Single cell RNA sequencing was performed with 10X genomics system using Chromium Single Cell 3` Library and Gel Bead Kit V2 (Cat. No. 120234). Briefly, 8700 cells (viability 90-97%) were loaded per reaction, targeting recovery of 5000 cells with 3.9% multiplet rate. After reverse transcription reaction emulsions were broken, barcoded cDNA was purified with DynaBeads, followed by 12 cycles of PCR amplification. The resulting amplified cDNA was sufficient to construct NGS libraries, which were sequenced on Illumina HiSeq 2500 system (HiSeq SBS V4 chemistry kit).

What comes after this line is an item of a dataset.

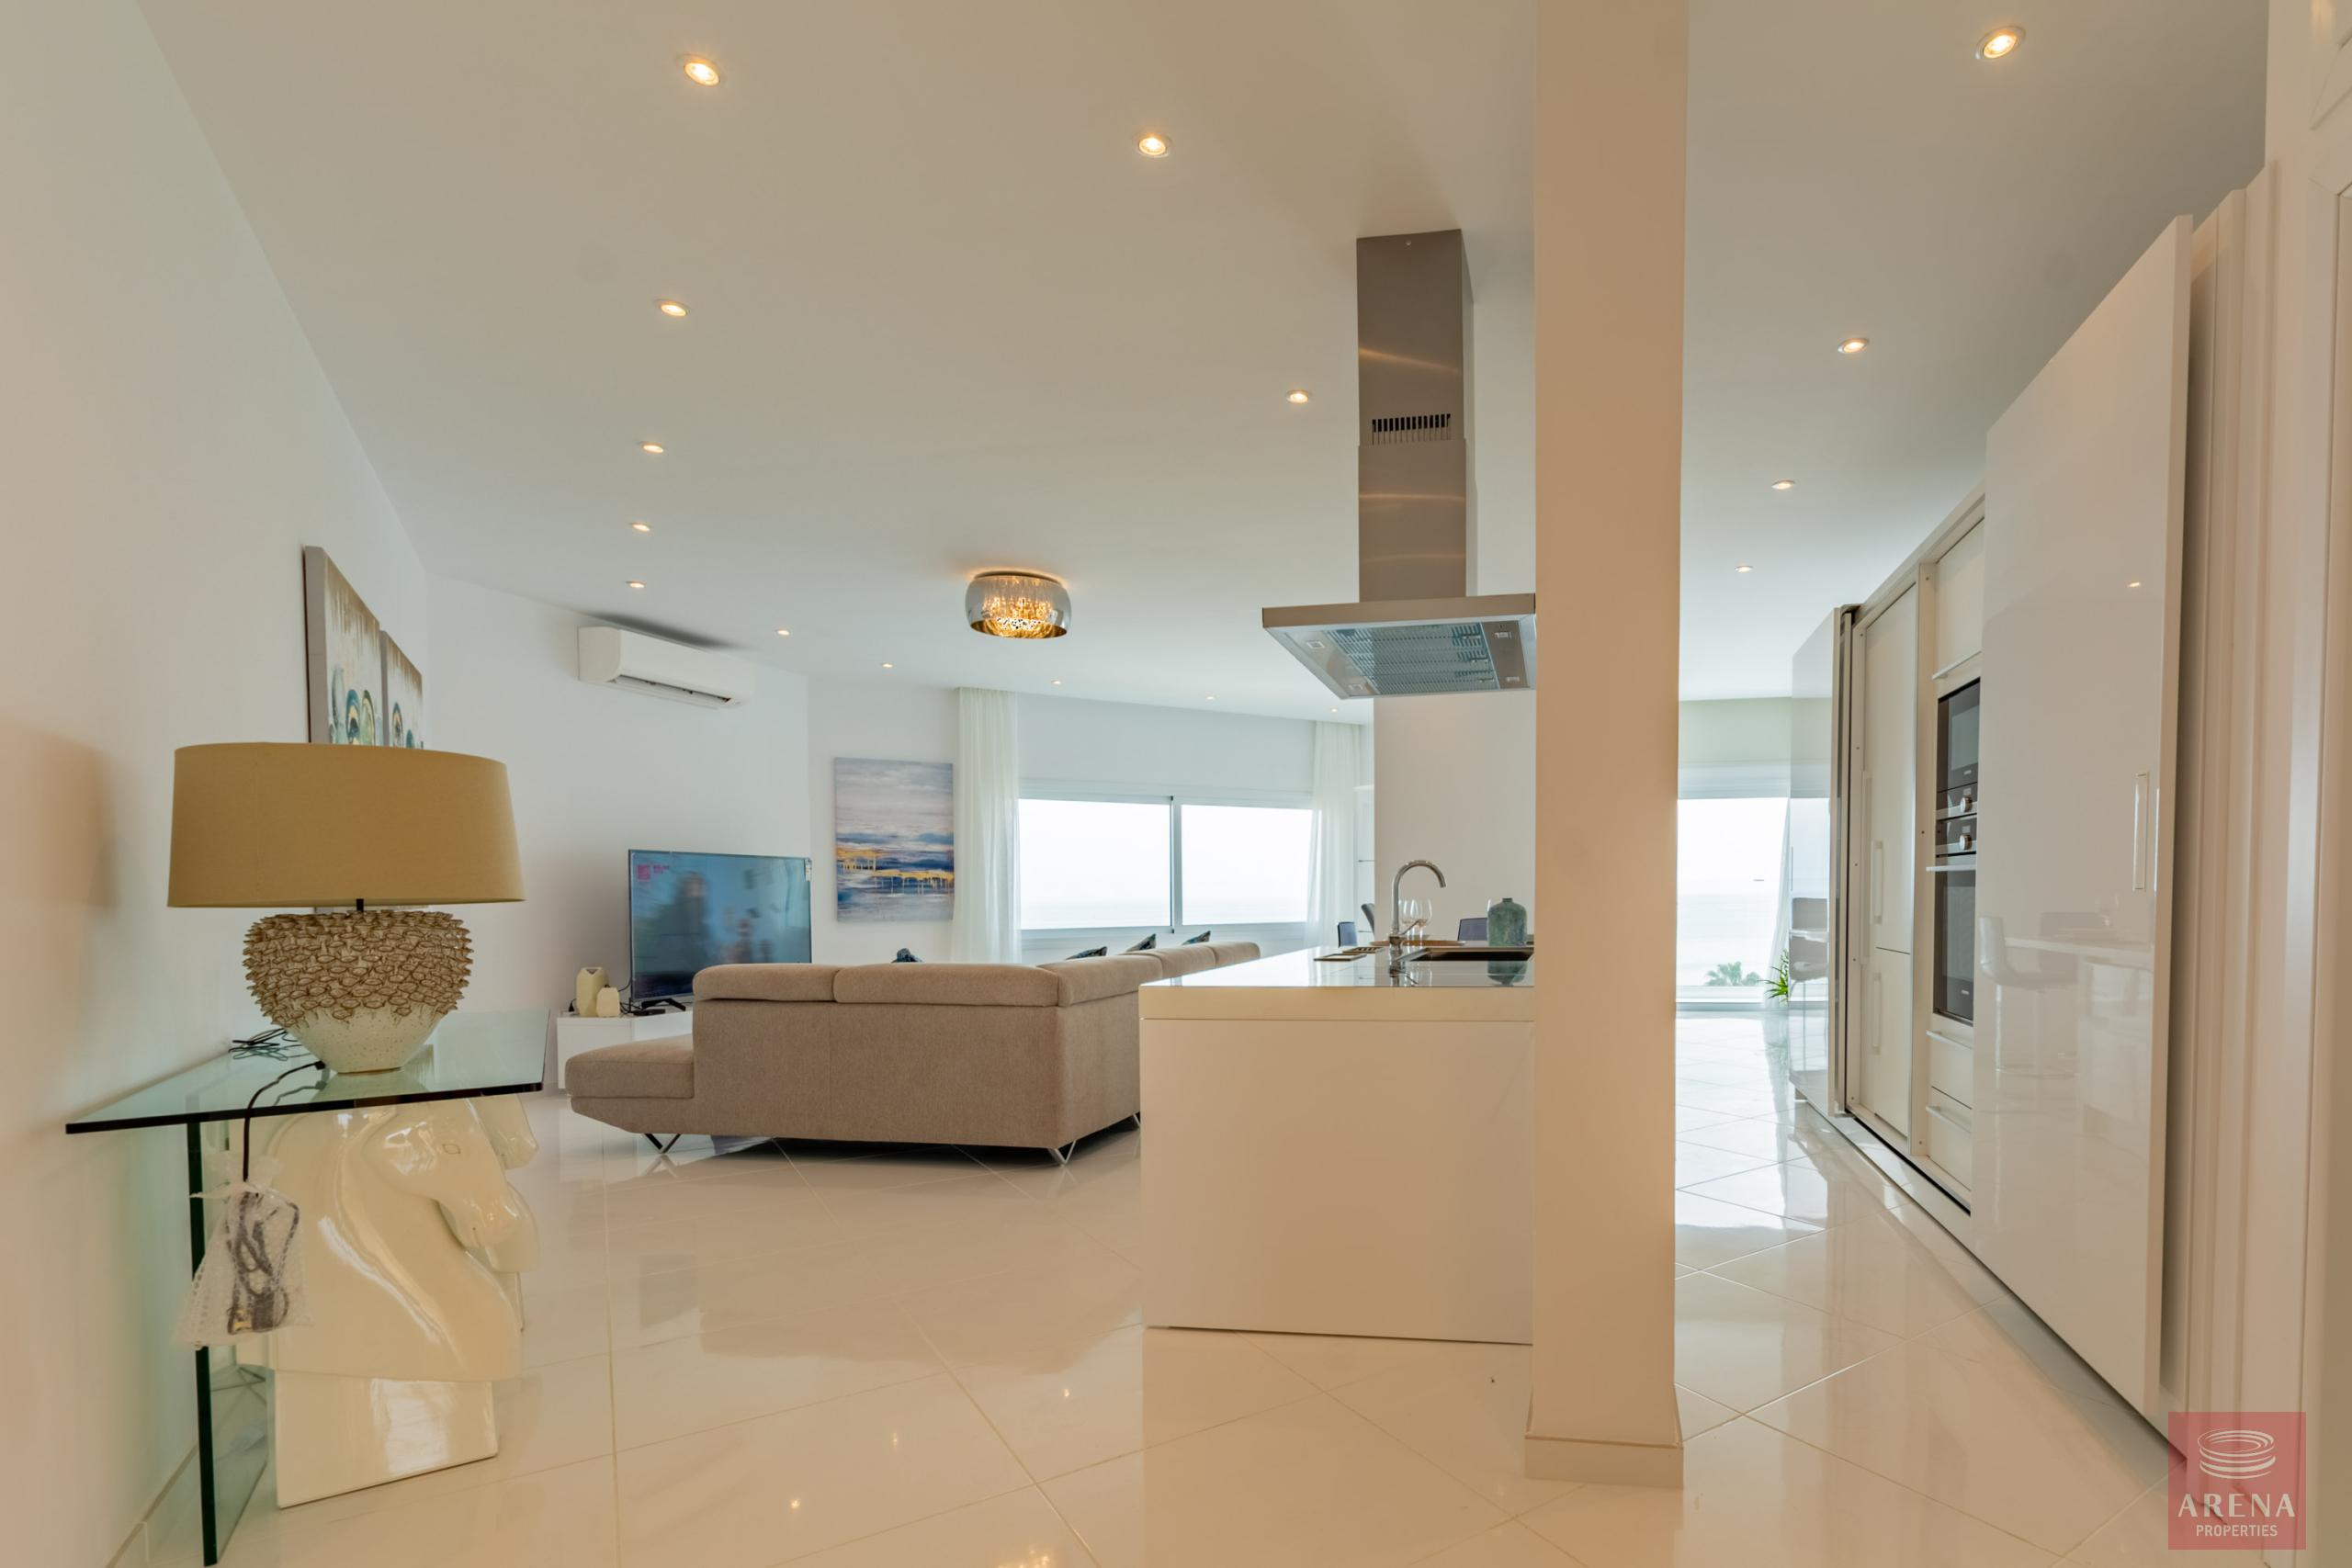 Apartment in Ayia Triada for sale
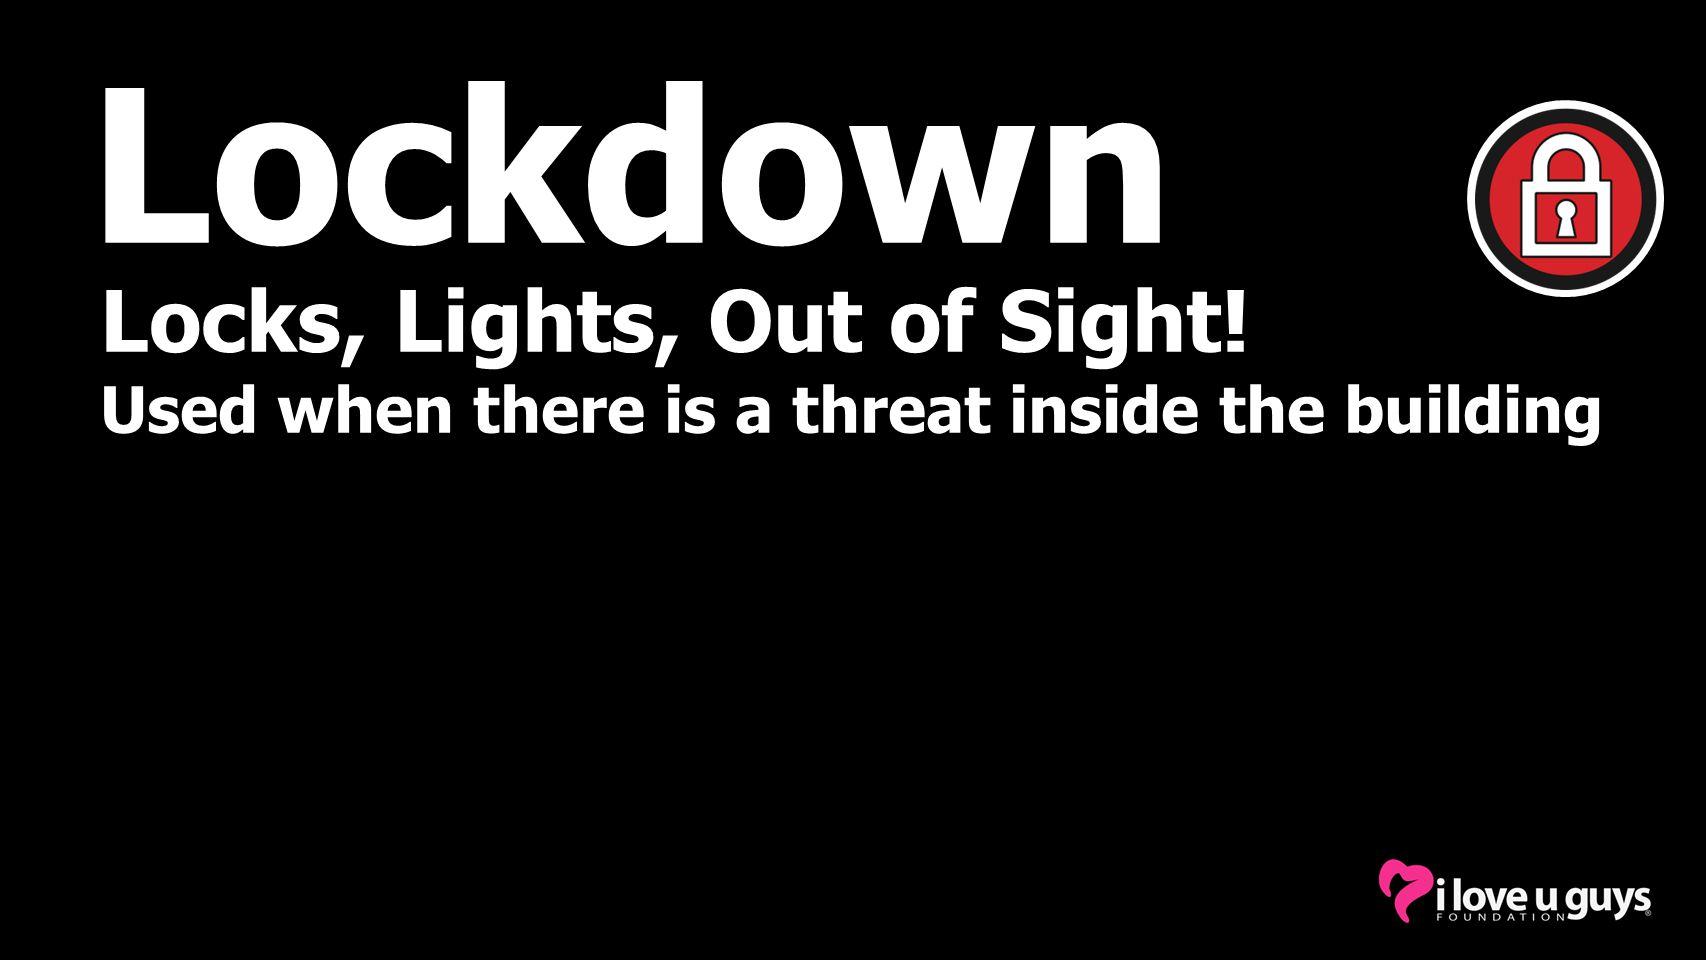 Lockdown Locks, Lights, Out of Sight!

### Single cell RNA-seq data processing

#### Data preprocessing

Data derived from each replicate was processed independently. Single cell RNA-seq data was preprocessed using the SEQC pipeline ^{30} using hg38 human genome and the default SEQC parameters for 10X to obtain the molecule count matrix. The SEQC pipeline aligns the reads to the genome; corrects barcode and UMI errors; resolves multi-mapping reads and generates a molecule count matrix ^{30}. SEQC also performs a number of filtering steps: (a) Identification of true cells from cumulative distribution of molecule counts per barcode, (b) removal of apoptotic cells identified at cells with >20% of molecules derived from the mitochondria and (c) removal of low complexity cells identified as cells where the detected molecules are aligned to a small subset of genes ^{30}. In addition, cells with less than 1000 molecules detected were filtered out. Finally, genes that were detected in at least 10 cells were retained for downstream analysis.

The filtered count matrix was normalized by dividing the counts of each cell by the total molecule counts detected in that particular cell. The normalized matrix was multiplied by the median of total molecules across cells to avoid numerical issues ^{61}. Normalized data was log transformed with a pseudocount of 0.1.

#### Cell cycle correction

Expression of cell cycle genes can confound the ordering of cells in a differentiation trajectory. and hence we applied f-scLVM ^{62, 63} to factor out the cell-cycle effect across all cells. Normalized and log transformed data was used as input to f-scLVM correction with default parameters. The following gene ontology annotations were used to annotate the cell cycle effect: GO:0000279 M phase, GO:0006260 DNA replication, GO:0007059 chromosome segregation, GO:0000087 M phase of mitotic cell cycle, GO:0048285 organelle fission.

Following cell cycle correction, PCA was performed keeping the top 300 components and diffusion maps were computed using the PCs as input ^{21}. See section “Adaptive anisotropic kernel” under the Palantir algorithm description for details on constructing the diffusion maps.

#### Annotation of cell types and filtering of mature populations

Gene expression profiles from sorted bulk hematopoietic populations were used to annotate the cell types ^{30, 31}. Cell cycle corrected data was clustered with Phenograph ^{20} using default parameters and the top 300 principle components as inputs. Cluster centroids were determined for each cluster and the expression of each gene was standardized. Bulk expression data was downloaded from the Dmap portal (http://portals.broadinstitute.org/dmap/home) and expression of each cell type was standardized. For each cluster, average correlation across bulk replicates was computed for each cell type and the cell type with the highest correlation was used to annotate the cluster (Supp. Fig. 4c). Note, the inferred cell types are used only for interpretation and not used by Palantir.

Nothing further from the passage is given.